Fluid therapy during the postoperative period
Of the 116 studies, 43/116 (37%) mentioned fluid therapy during the post-op period. The animals that went through a period of post-op fluid therapy consisted of 42/43 (97.7%). In these cases, the formula for the infusion presented a large variation. Only 1/43 (2.3%) did not use post-op fluid therapy. The remaining 73/116 (45.3%) made no mention of using fluid therapy post operatively.
Of the 116 studies, 9/116 (7.7%) mentioned topical antimicrobial, 107/116 (92.3%) no mentioned topical antimicrobial. It was found that 7/9 (77.7%) used and 2/9 (22.3%) made no use of topical antimicrobial. Of the 7/9 (77.7%), three used 1% silver sulphadiazine, while the time of use and changing period was not described. In one case, a non-specific antimicrobial ointment and an isotonic saline solution was used, another made use of 1% silver sulphadiazine with chitosan gel, while one used mupirocin.
Post-burn time interval
Of the 116 studies, 94/116 (81%) defined the post-burn time interval until the beginning of the laboratorial analysis. The time interval varied from 7s to four weeks. No time interval was mentioned in 22/116 (19%) of the articles.

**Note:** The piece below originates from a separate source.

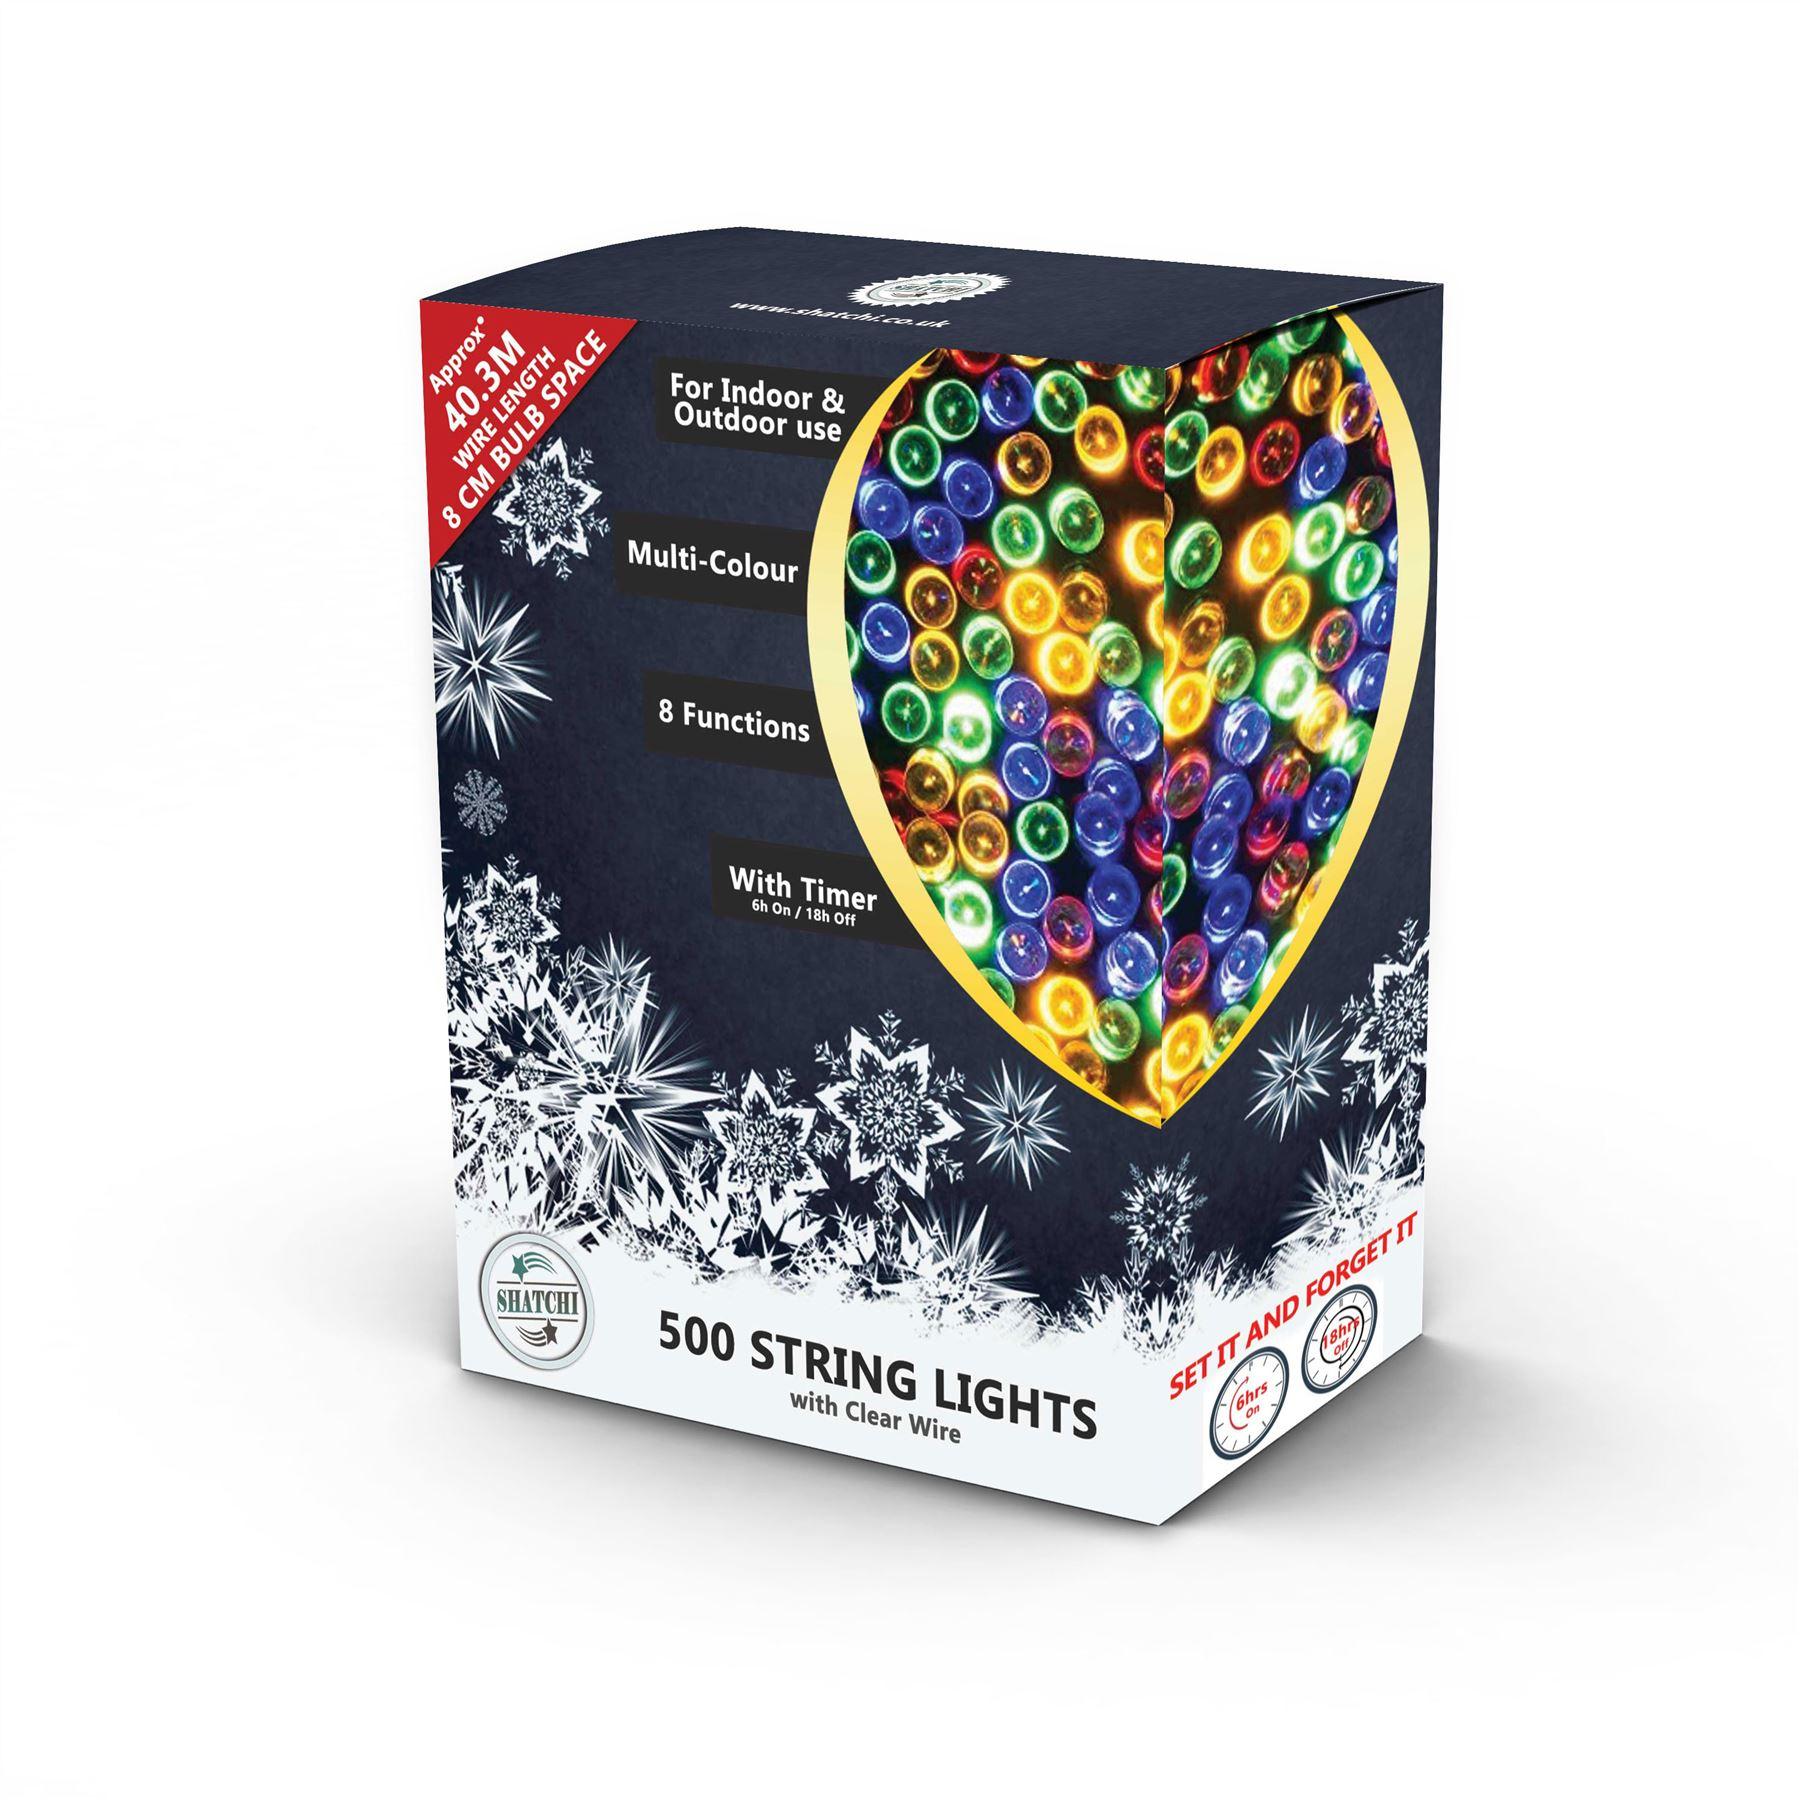 100-200-300-400-500-LED-Christmas-String-Fairy-Lights-Xmas-Decorations-Tree miniature 35

Considering advances in burn treatment, which mainly occurred after the second World War, these have included advances in patient fluid therapy, antibiotic therapy, rigorous nutritional control, new types of dressings, bioengineering and early surgical treatment. All these have been important developments; however more still needs to be undertaken. Burn research may be undertaken through cell culture, animal, or human clinical studies.

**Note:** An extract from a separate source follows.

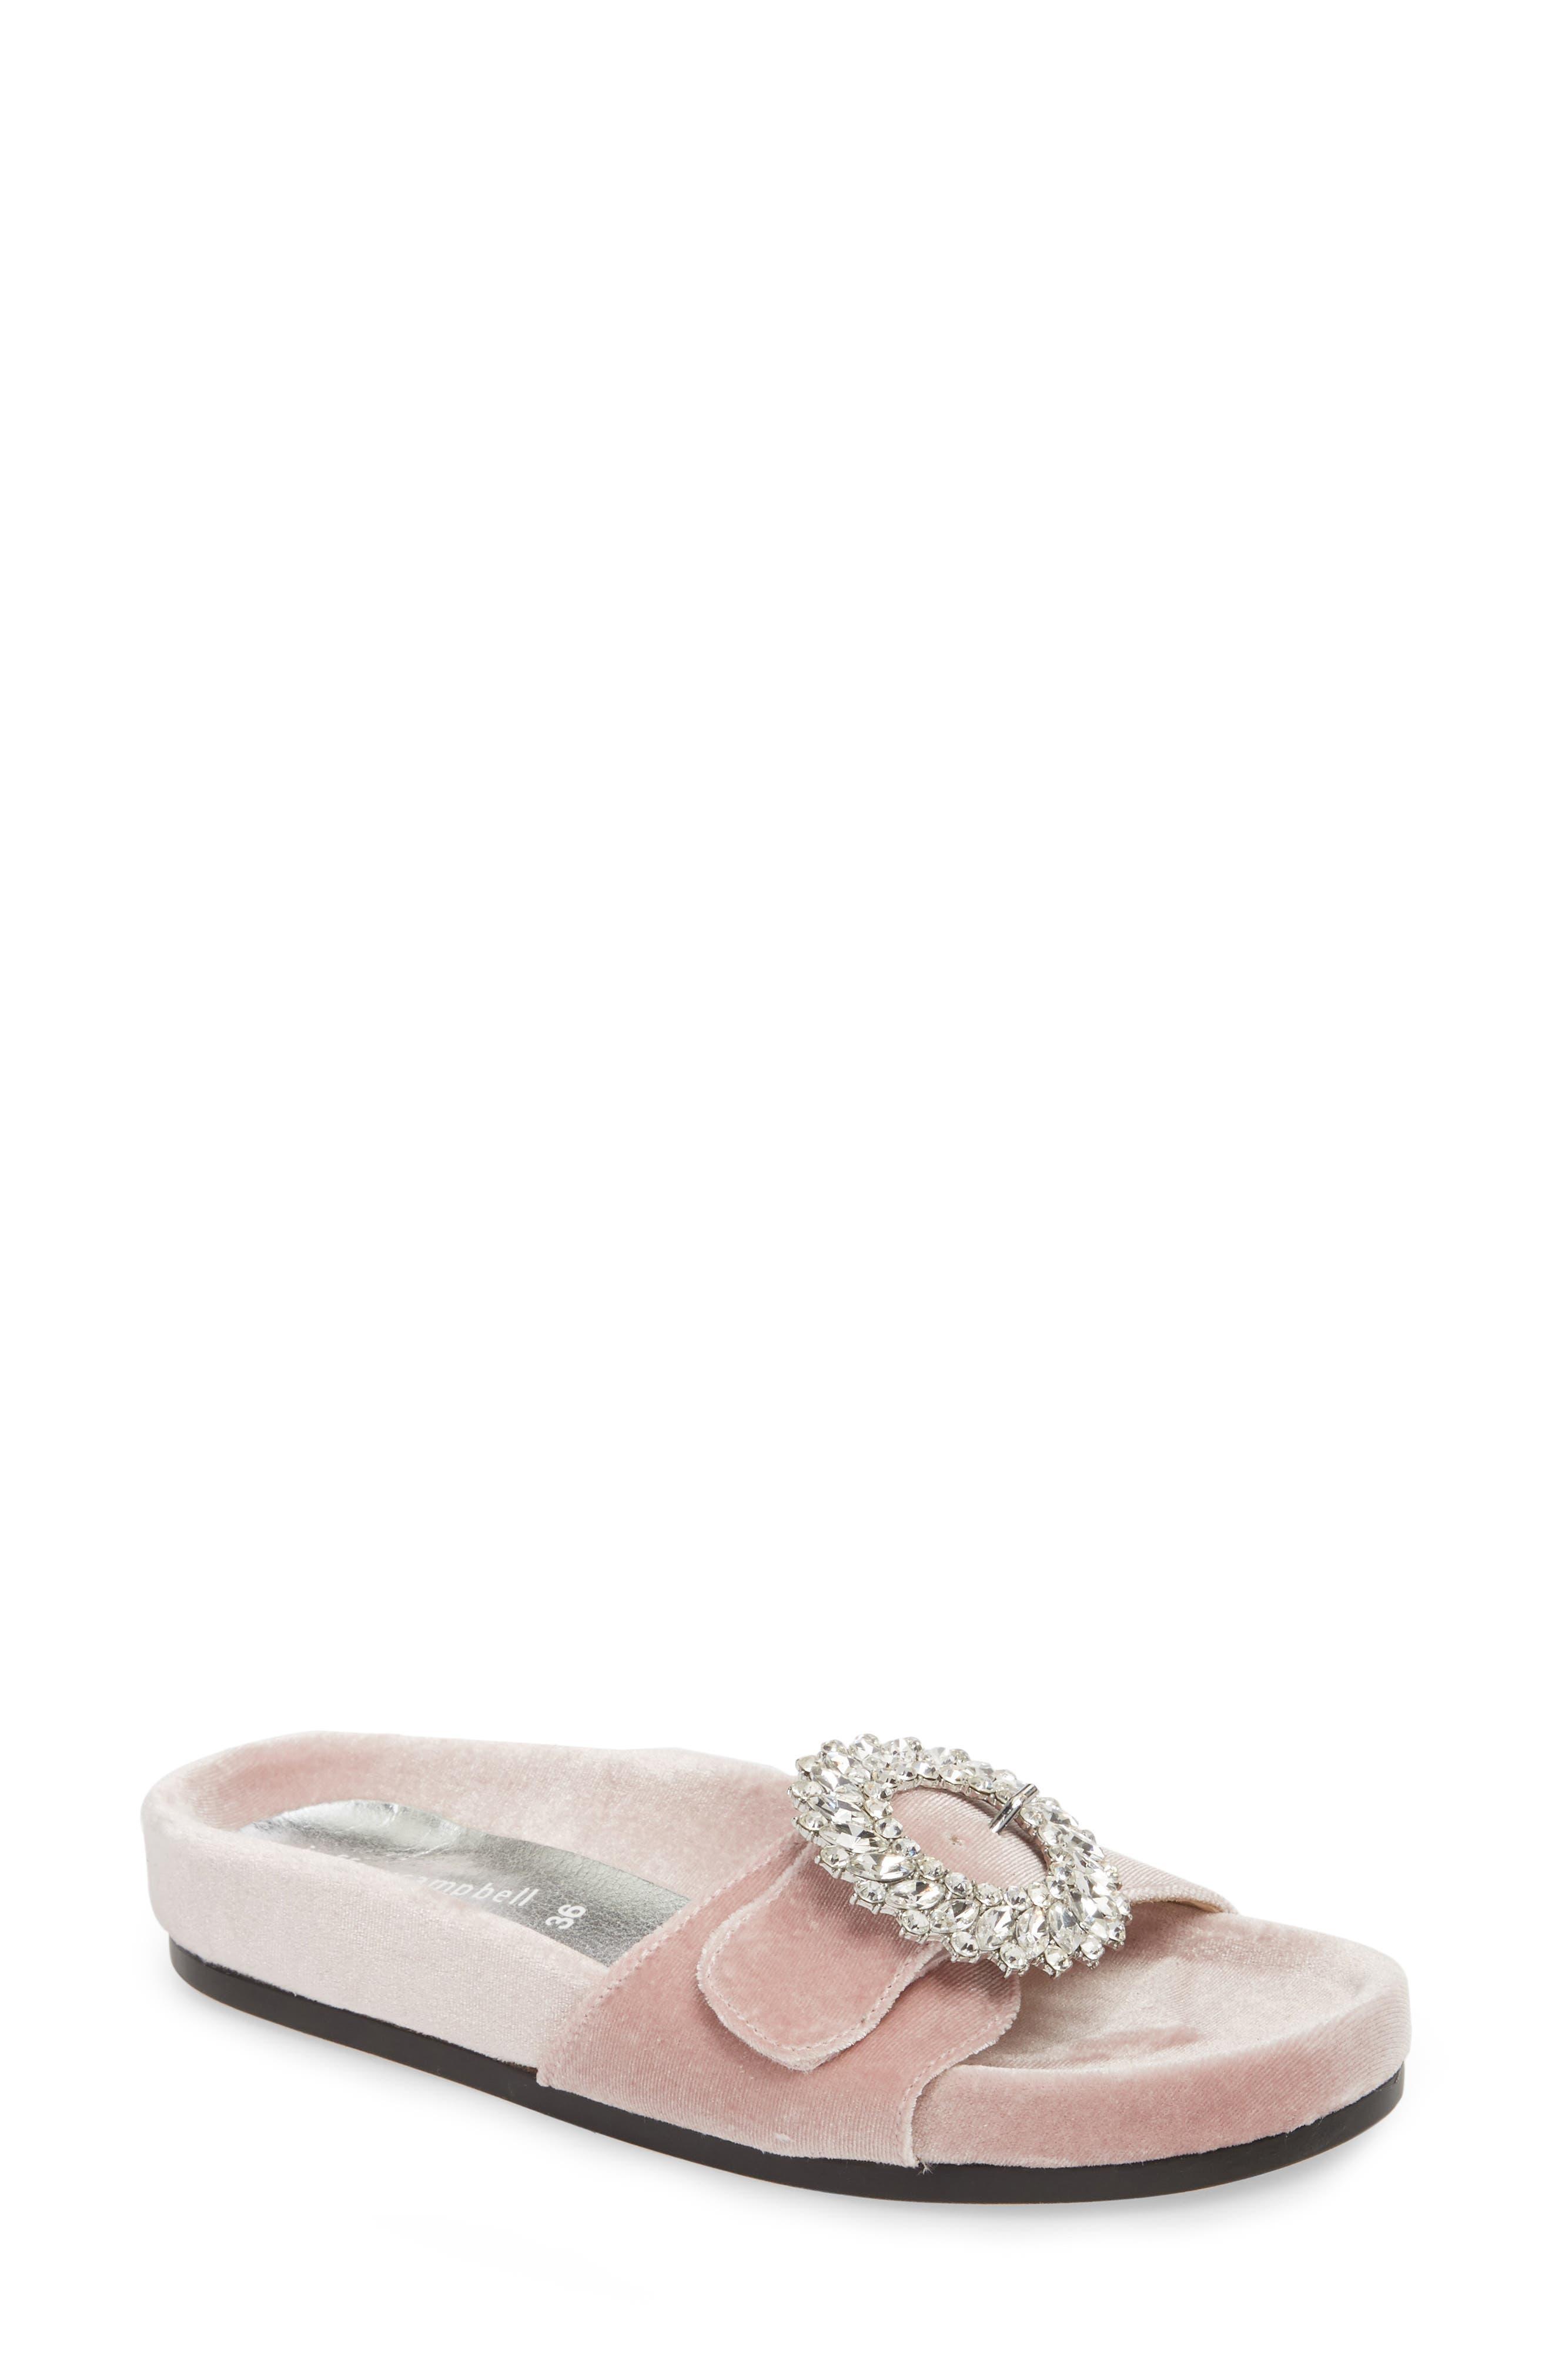 Upolu Embellished Slide Sandal,                             Main thumbnail 1, color,                             Blush Velvet/ Silver

Cell culture considers aspects of cell and molecular biology under different conditions, providing an efficient model for the study of physiopathology. It is possible to develop tissue bioengineering and research burns on them, including developing new materials to treat a diverse range of cutaneous lesions22,23. Improving bio-molecular understanding and therefore accelerating the development of new therapies is also an advantage of this process. The disadvantage is that after a continuous period of growth, the cellular characteristics may change and become different to that of the donor including, and it has a lack of neuroendocrine signaling in relation to experimental animals24,25.

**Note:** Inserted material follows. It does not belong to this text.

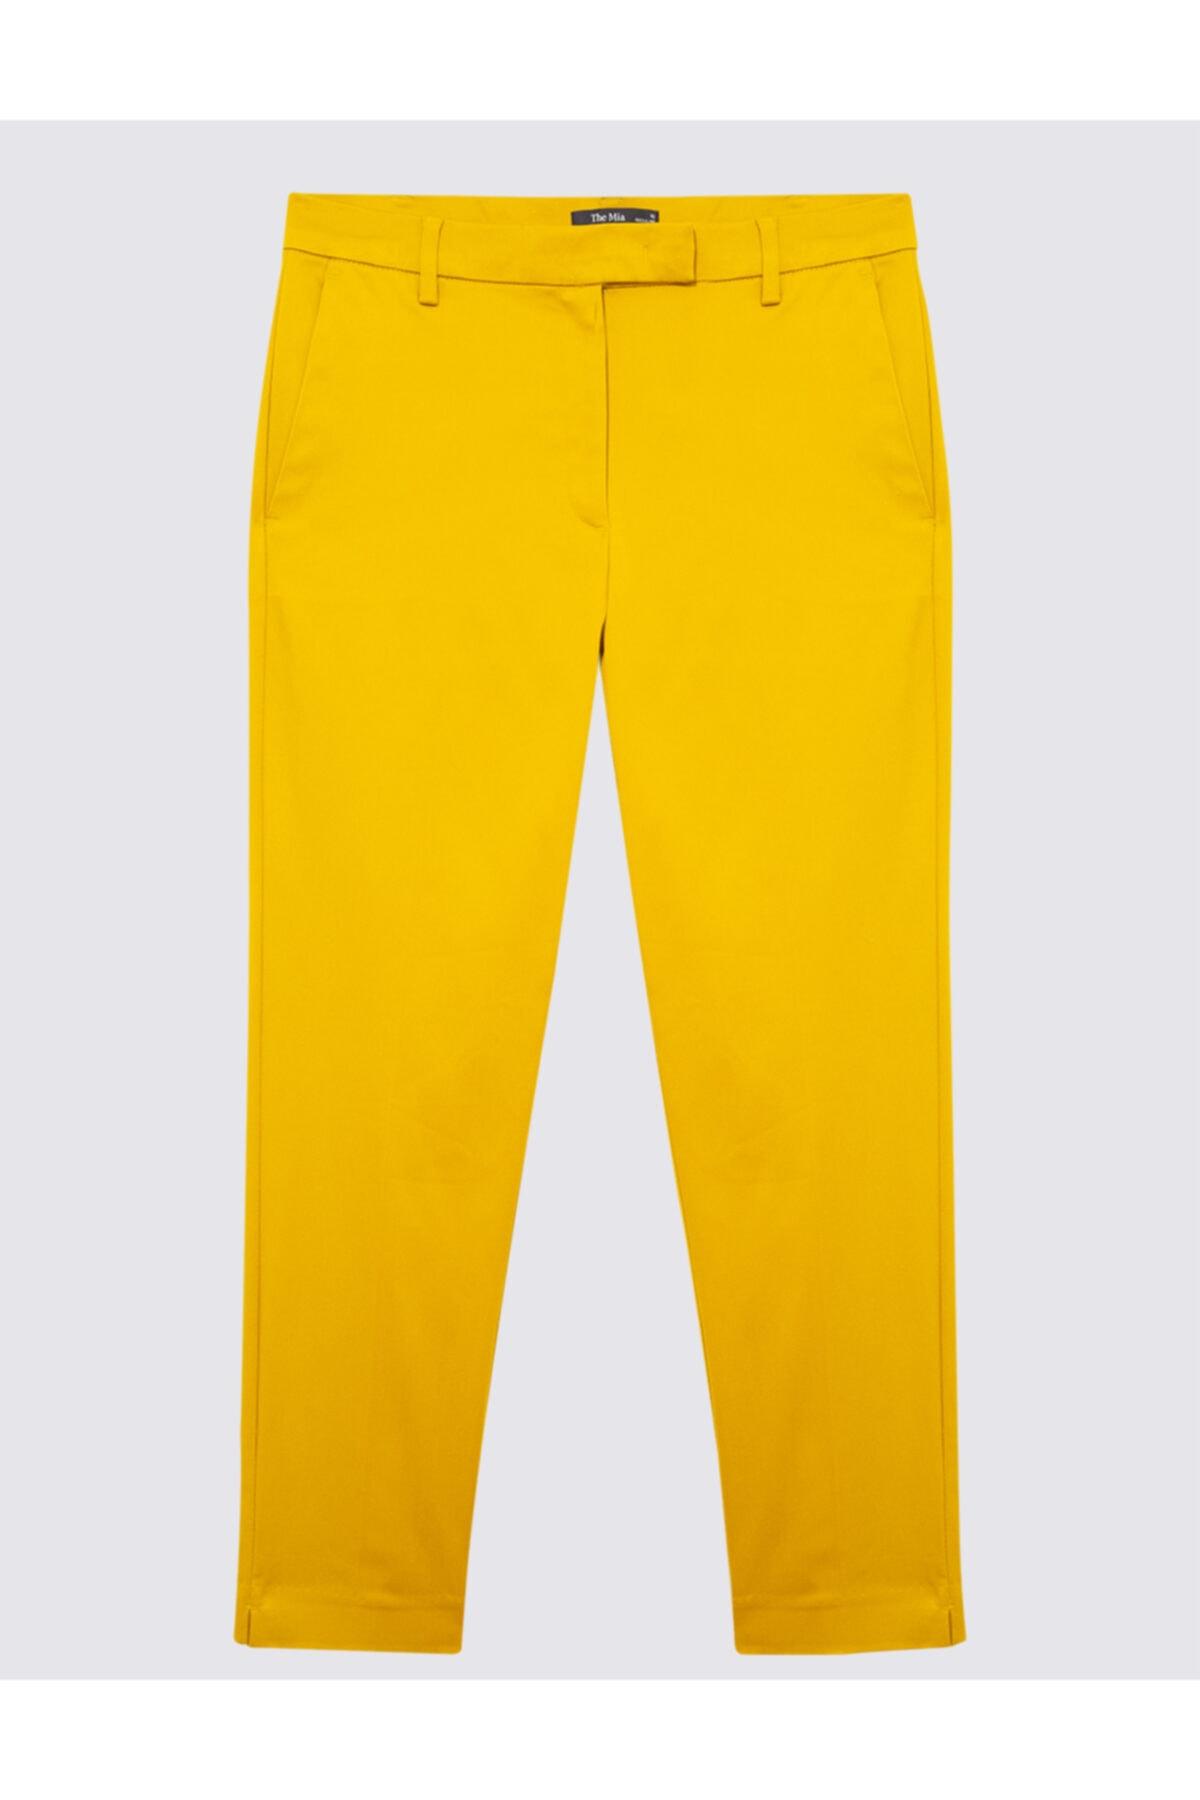 Marks & Spencer Pamuklu 7/8 Pantolon 1

Regarding clinical studies with humans, the central focus is concerning ethical issues and bio-ethics respectively. The advantages and disadvantages are clearer than in other studies when humans are used as experimental models. Another consideration relates to the need to have a significant number of patients where many variations exist between patient types and that of trauma in order to obtain significant results.
Animal research improved by control during procedures, anesthetic and animal production that could be present human pathologies26. From the resolution number 196/96 of the National Health Council27, there was a regulation of research, teaching and extension involving animals. Therefore, various educational institutions have installed the Ethics Committee, and that research involving animals must conform to ethical and scientific standards to enable them to progress to the research26.
The choice of suitable methods for sedation, induction of anesthesia and pain control, especially in the postoperative period, is vital in experiments involving animals. Burns are considered condemnable experiments to cause intense suffering, physical and mental. The experiments that may cause pain or distress should be developed under adequate sedation, analgesia or anesthesia, being forbidden the use of neuromuscular blocking agents or muscle relaxants in replacement of substances sedative, analgesic or anesthetic26,28.
Studies involving animals allows research to be undertaken in the areas of physiopathology, histology and molecular events through time; testing prophylactic and therapeutic treatments in burns, including making this knowledge available for further clinical studies. Some animals such as rats, mice, hamsters, rabbits, pigs, sheep and dogs, have been used as study-models for understanding the stages of healing; the use of these animals, however, is not universal29. Such studies have the advantage of presenting physiological and pathological characteristics similar to those of humans, considering stimulus to the nervous, cardiovascular, endocrine, and immunological systems.
The rat has many advantages in that it is small, allowing ease of handling. They are also cheap and have a high reproductive rate. However, their disadvantages include those of their differences when compared to human i.e. size, metabolic characteristics and anatomy30.
The pig is the animal which is closest to humans in terms of some characteristics such as metabolism and structure of the skin; however, cost-benefit considerations show that they are more demanding in terms of investment and their use is more complicated, besides this, they have a greater risk of infection, demanding greater care and expenditure31.
This study had as its objective, to review the literature concerning experimental models using rats, burns and its characteristics. Throughout the research we attempted to provide greater detail concerning the main aspects and peculiarities of many variables that were considered as main health-disease-recovery process indicators. After selecting the cases and after the literature review we were able to observe that there was no standardization in the articles researched. This reflects the specialized periodicals and their editorial board's lack of knowledge regarding many aspects of burns research, as they accept for publication many papers that are incomplete and missing valuable information.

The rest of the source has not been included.